DatriseAI-first ETL

MoEngage Amazon S3 Data Lake

AI-first ETL from MoEngage into Amazon S3 Data Lake. Governed entities, incremental sync, typed landing tables.

How Datrise loads MoEngage into Amazon S3 Data Lake

Datrise syncs MoEngage's engagement events, campaign performance, and retention behavior signals into Amazon S3 Data Lake as columnar Parquet objects partitioned per source entity. Flexible or custom fields land in nested struct/map fields in Parquet, and timestamps such as created, updated, and status changes are typed as ISO-8601 timestamp columns.

Sync is incremental: Datrise uses writes new date partitions and compacts small files on a schedule, so re-runs update only what changed. Hive-style path partitioning (entity/date) for engine-agnostic reads. A lake has no schema enforcement, so Datrise writes a schema manifest alongside the data to keep downstream engines consistent.

Ideal for an open, engine-neutral storage layer for Spark, Athena, Trino, or DuckDB.

Endpoints

MoEngage: Customer engagement source for campaigns and retention metrics.

Amazon S3 Data Lake: Object storage landing zone for parquet and snapshots.

How MoEngage entities map to Amazon S3 Data Lake

MoEngage entityAmazon S3 Data Lake objectNotes
engagement eventsmoengage_engagement_eventsISO-8601 timestamp columns events
campaign performancemoengage_campaign_performanceid PK · linked to moengage_engagement_events
retention behavior signalsmoengage_retention_behavior_signalsid PK · linked to moengage_engagement_events

FAQ

How does Datrise handle MoEngage's custom fields in Amazon S3 Data Lake?

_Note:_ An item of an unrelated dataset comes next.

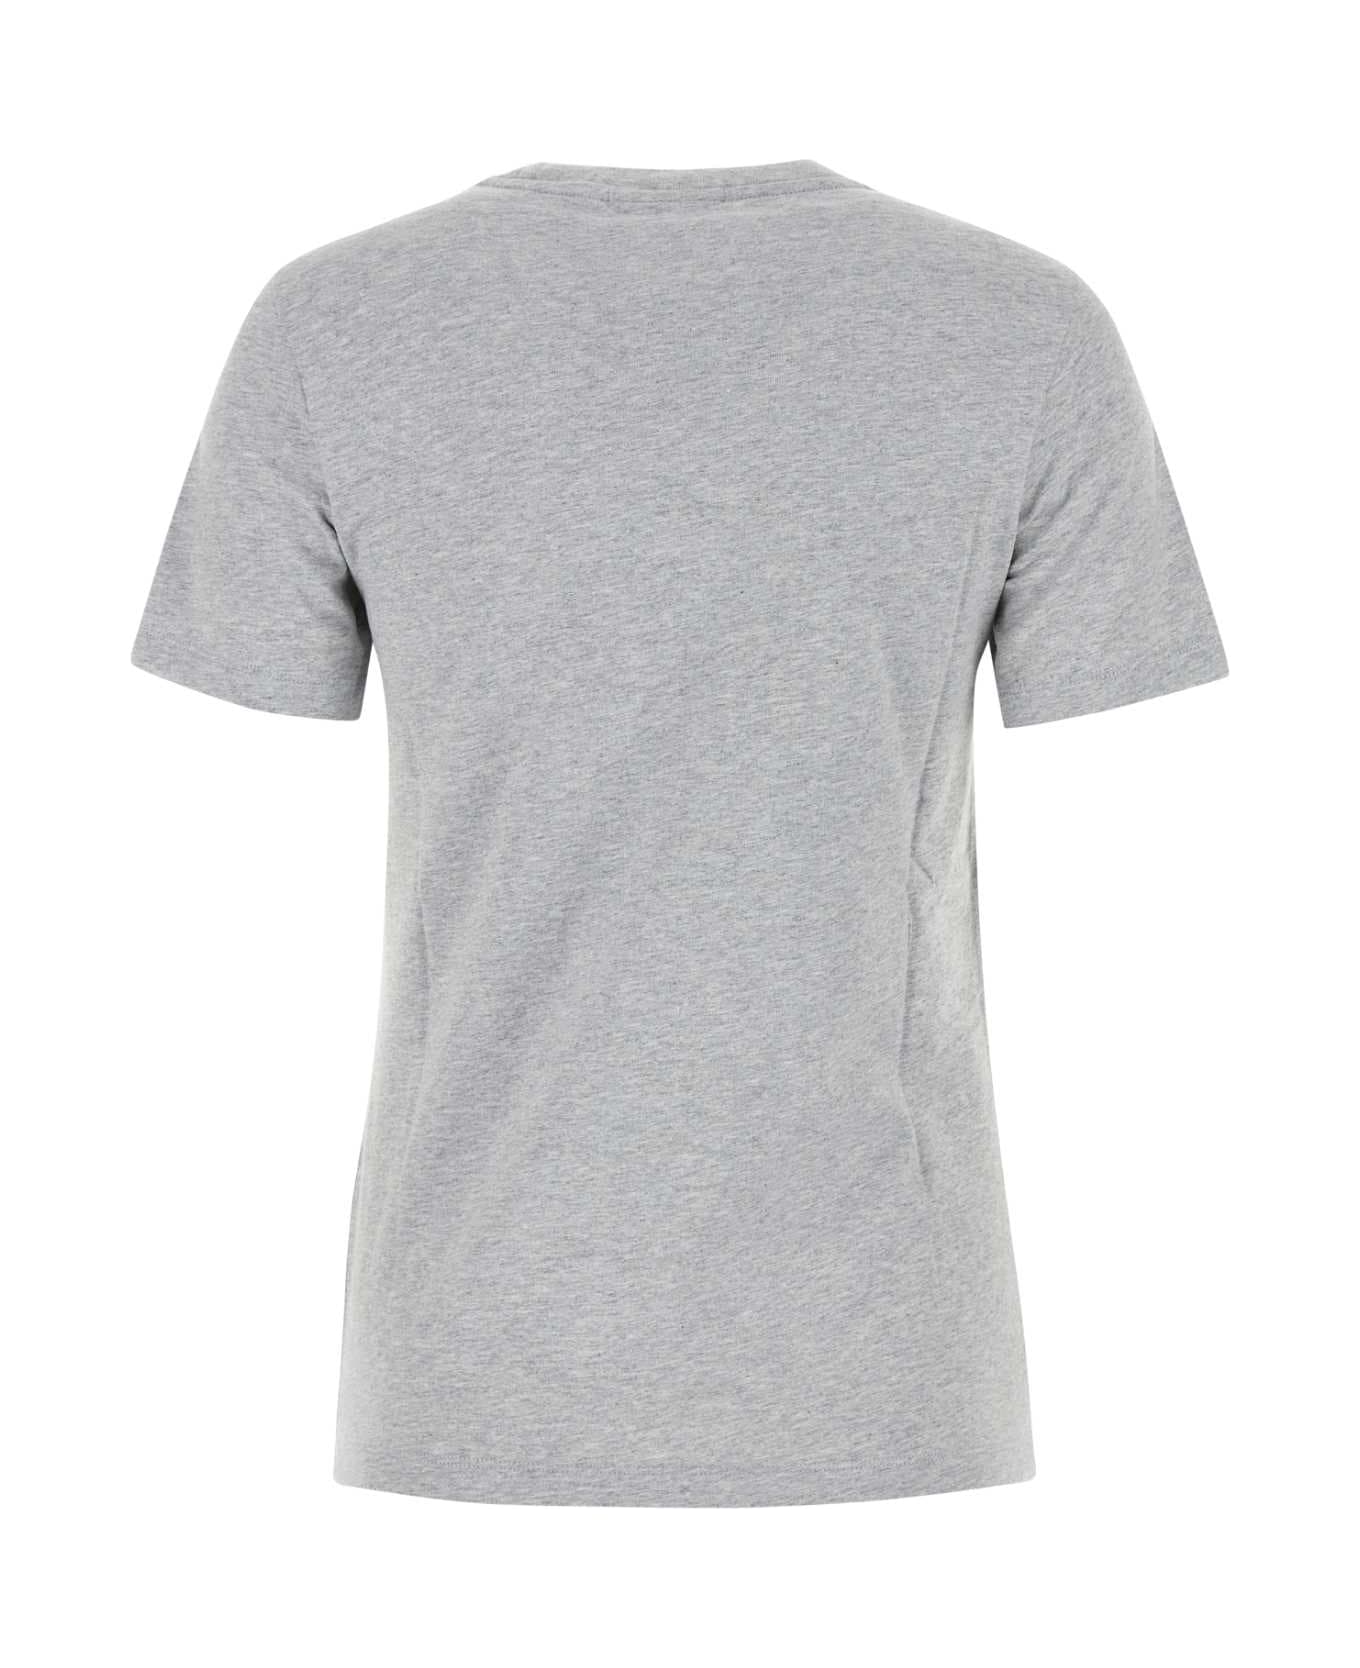 Maison Kitsuné Melange Grey Cotton T-shirt - LIGHTGREYMELANGE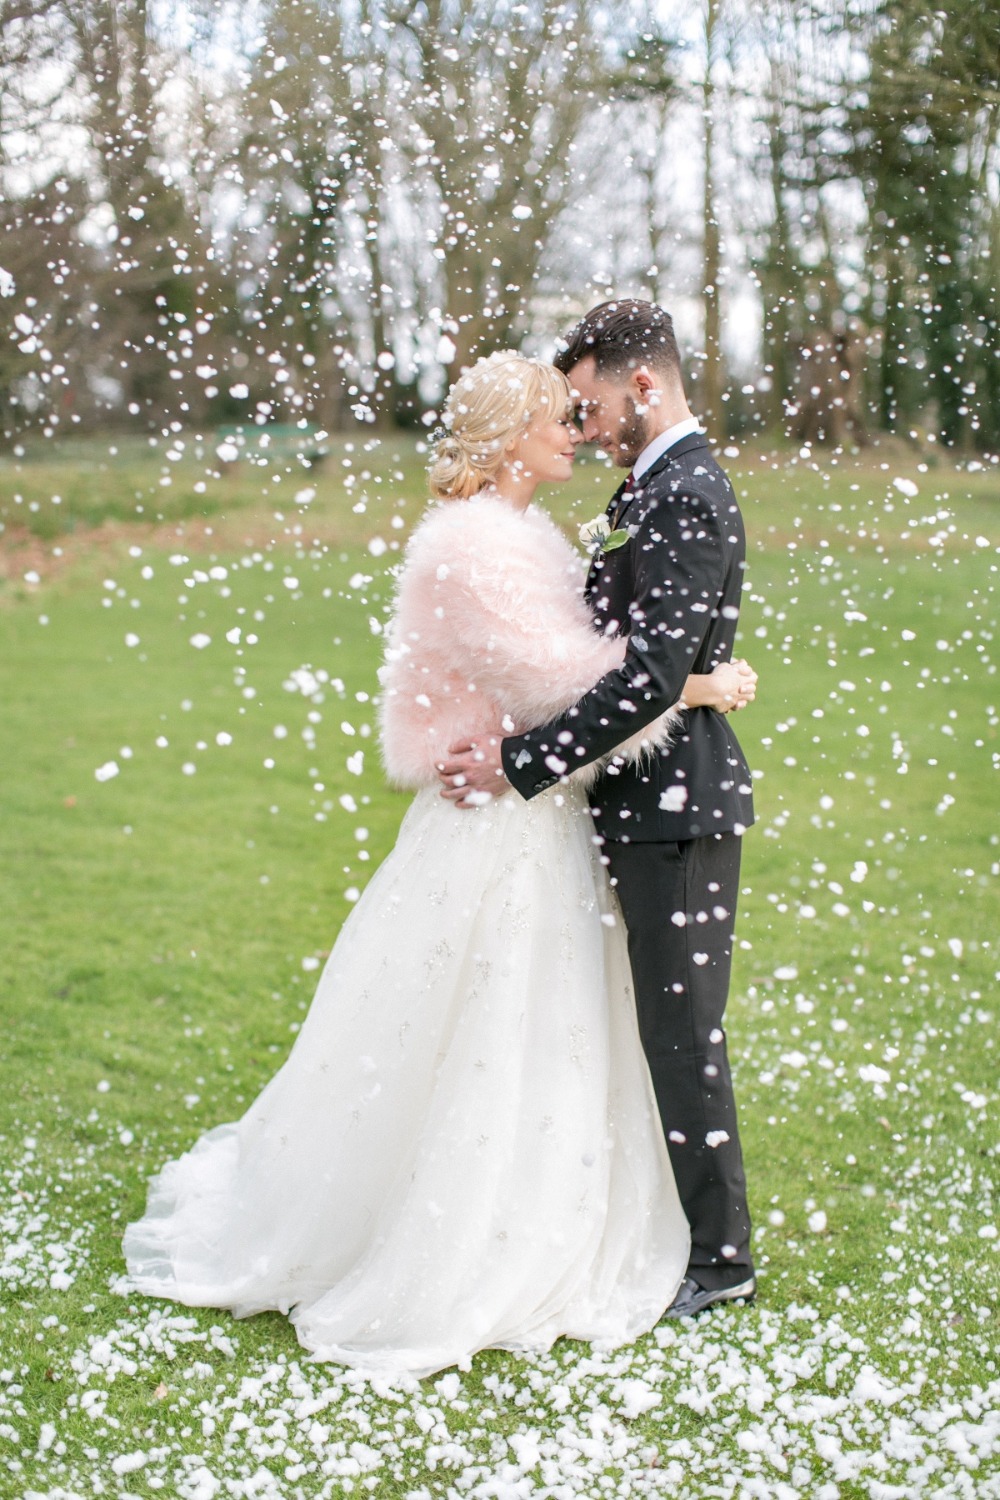 Snowy wedding inspiration

Flexible values are stored as nested struct/map fields in Parquet, so new fields don't require a migration; strongly-typed fields — dates, numbers, and references — are promoted to native Amazon S3 Data Lake types.

How does the MoEngage to Amazon S3 Data Lake sync stay up to date?

It runs incrementally — Datrise uses writes new date partitions and compacts small files on a schedule.

Related pipelines

Early access

Connect MoEngage to Amazon S3 Data Lake the easy way

Skip brittle scripts and manual exports. Join the waitlist to get a guided setup, AI-assisted mapping, and reliable incremental sync for this integration.